TOEIC30問残しで何点くらい取れますか?

塗り絵込みの場合、正答率100%で780点、90%で670点、80%で650点、70%で540点、60%で490点が目安です。リスニングのスコアによって大きく変わるので、この記事のリスニング素点別テーブルも参考にしてください。

TOEIC30問残しで600点は取れますか?

取れます。リスニングで350点前後を確保し、解いた70問中47問正解(正答率約67%)できれば600点に届きます。塗り絵30問中8問正解も込みの計算です。

TOEIC30問残しで700点は取れますか?

条件が揃えば可能です。リスニングで400〜425点以上+解いた70問中54〜56問正解(正答率77〜80%)が必要です。塗り絵の8問正解も含めた計算です。

TOEIC30問残しで800点は取れますか?

かなり厳しいですが、リスニング475点(ほぼ満点)+解いた70問中61問正解(正答率87%)なら可能性はあります。

ただし両方を同時に達成する難易度は非常に高いので、まずは解ける問題数を増やすことを優先しましょう。

塗り絵はした方がいいですか?

絶対にしてください。30問塗り絵すれば約8問正解(+30〜50点)が見込めます。

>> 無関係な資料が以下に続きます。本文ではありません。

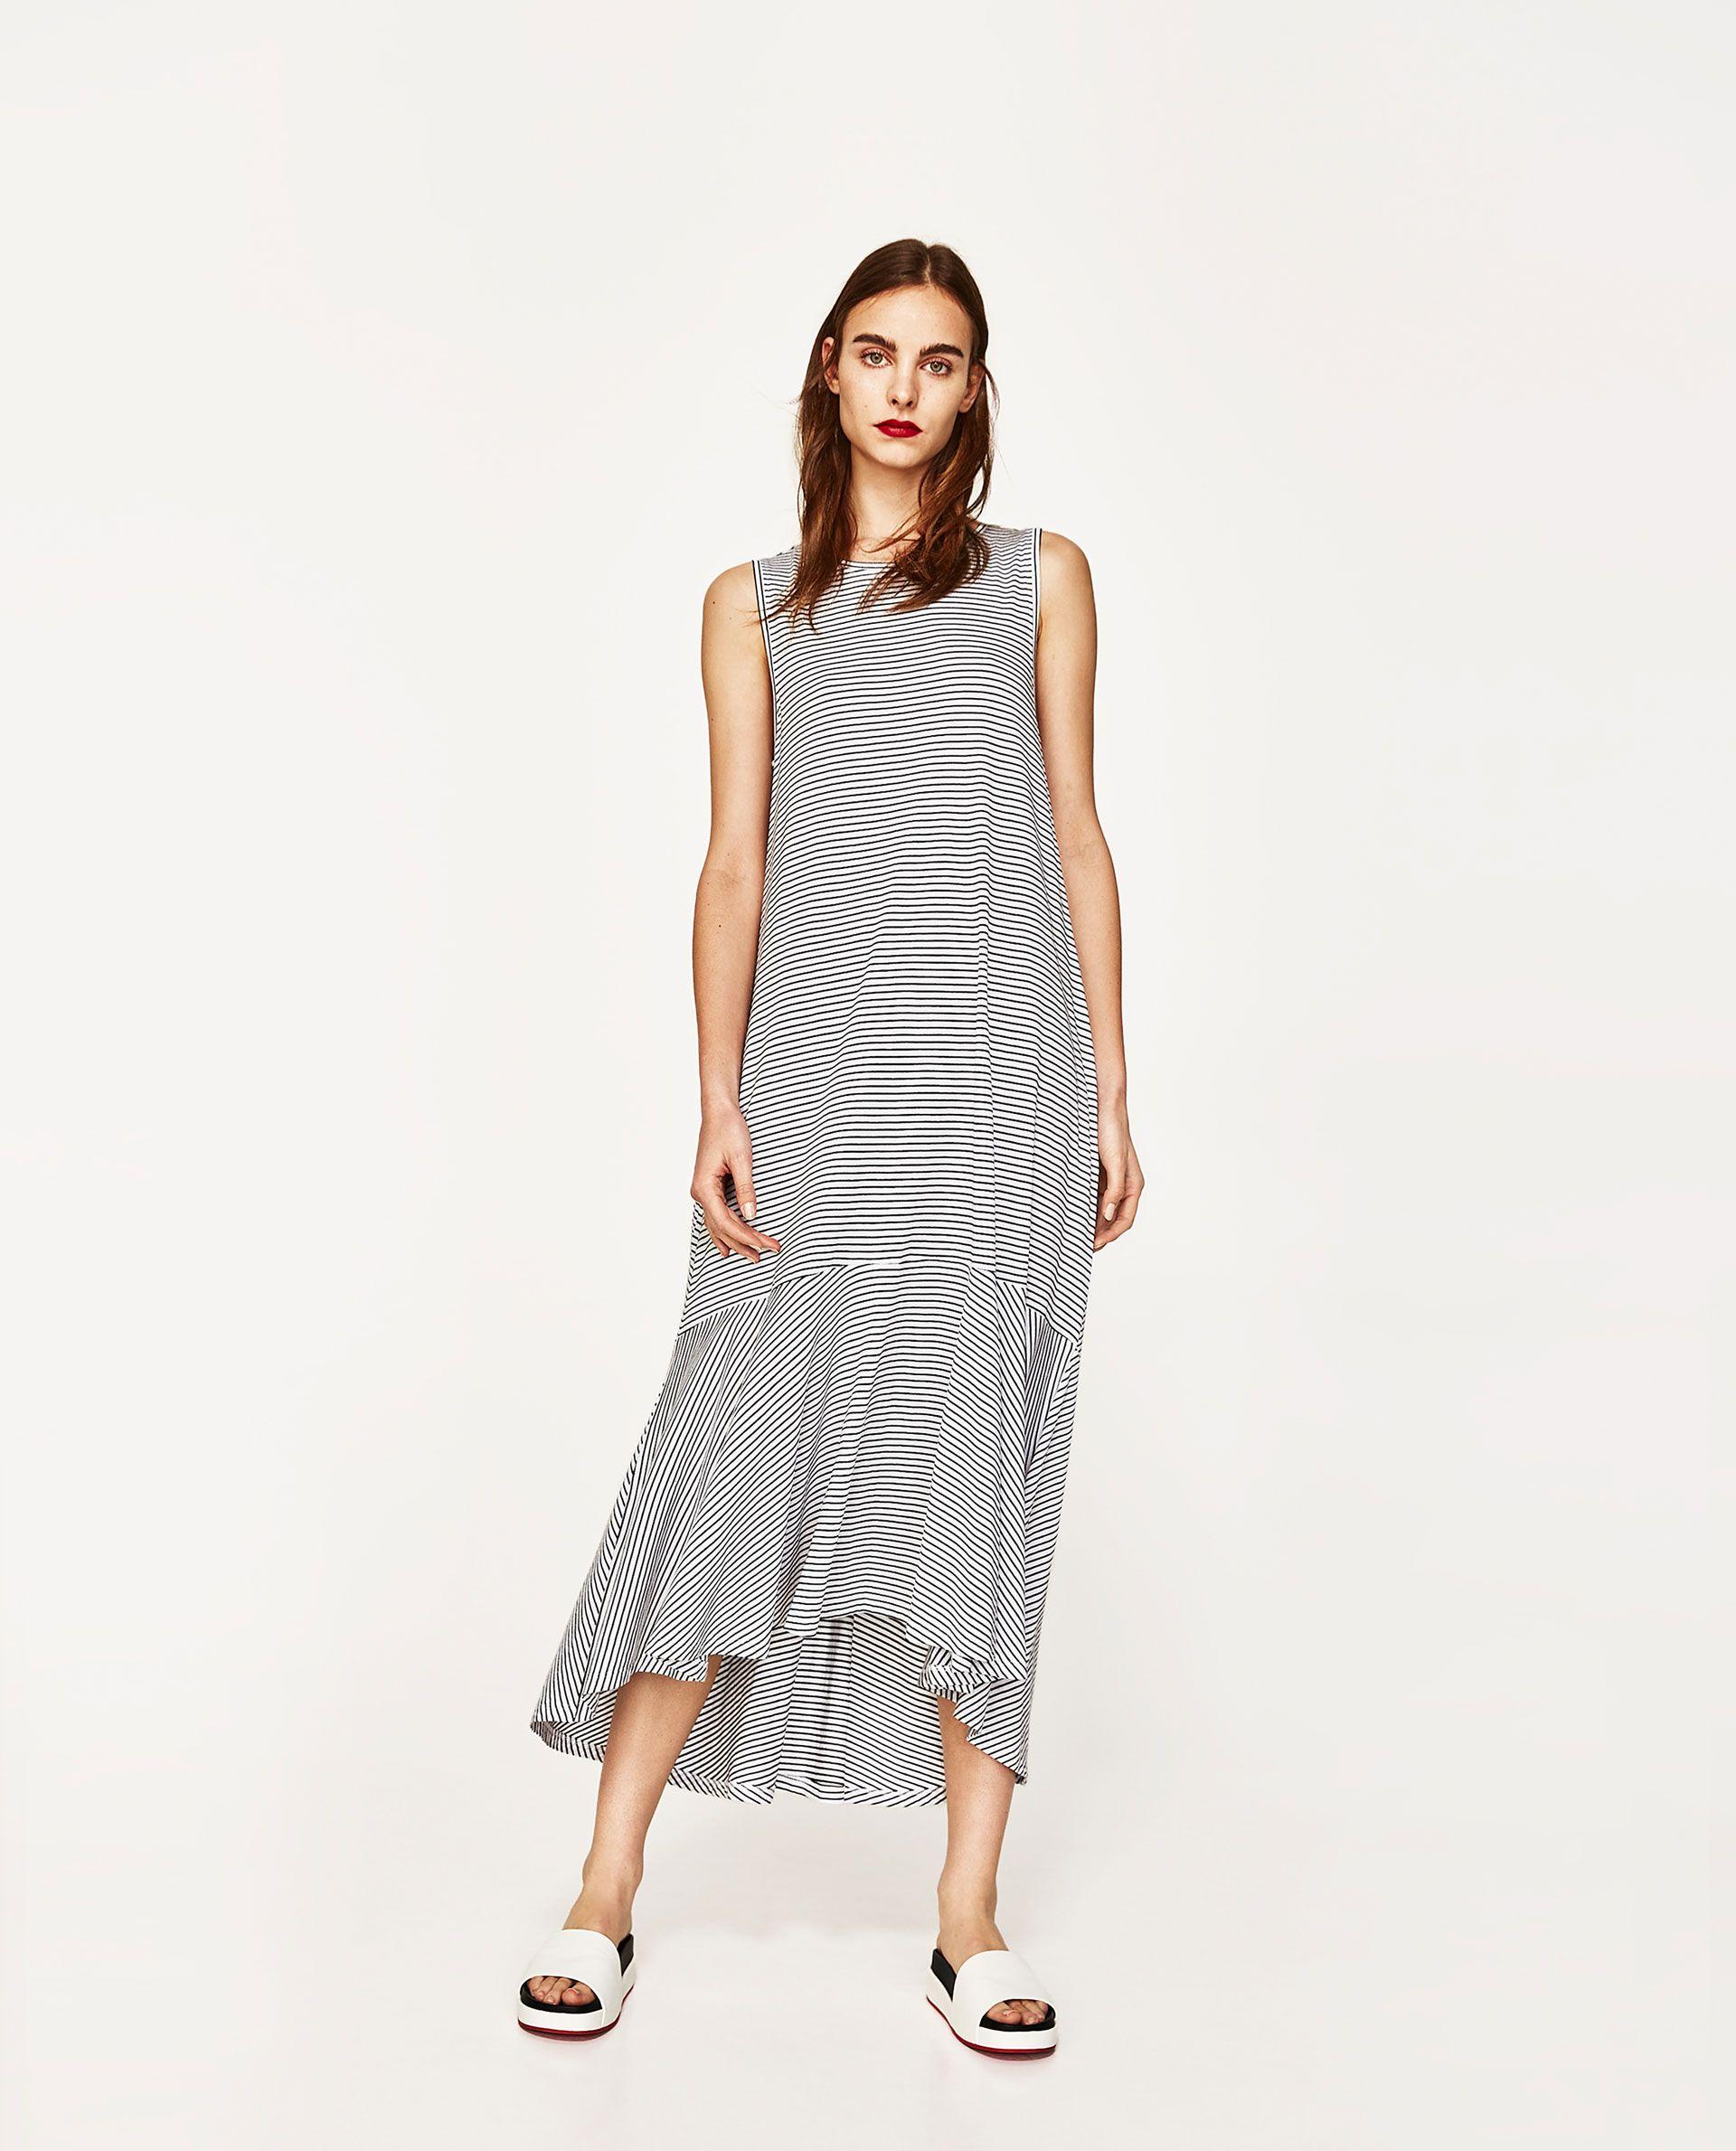 Zara Dress Long Woman Ruffled Hem With qn08r0wv6x

空欄のまま提出すると0点なので、塗り絵しない理由がありません。残り2分になったら必ず塗り絵に切り替えましょう。

30問残しを改善するにはどうすればいいですか?

Part5を速く正確に解けるようにすることが最優先です。Part5の時間を短縮すれば、その分Part7に使える時間が増えます。同時に語彙力・文法力の底上げも進めてください。正答率が上がれば解答スピードも自然と上がります。

まとめ

TOEIC30問残しでも、正答率次第で以下のスコアが狙えます。

正答率合計スコア(推定)
100%780点
90%670点
80%650点
70%540点
60%490点

※ 塗り絵30問中8問正解、L=R+50の仮定

 

30問残しでもスコアを左右するのは、「解いた問題の正答率」と「リスニングのスコア」です。

焦って解答スピードを上げようとするのではなく、まずは正答率を高めることに集中してください。

テン
僕も最初は35問残していました。でも正しい勉強法を続けた結果、リーディング480点まで伸ばせました。30問残しは通過点です。正答率を上げて、解ける問題を増やしていけば、スコアは必ず伸びます。ぜひ参考にしてください。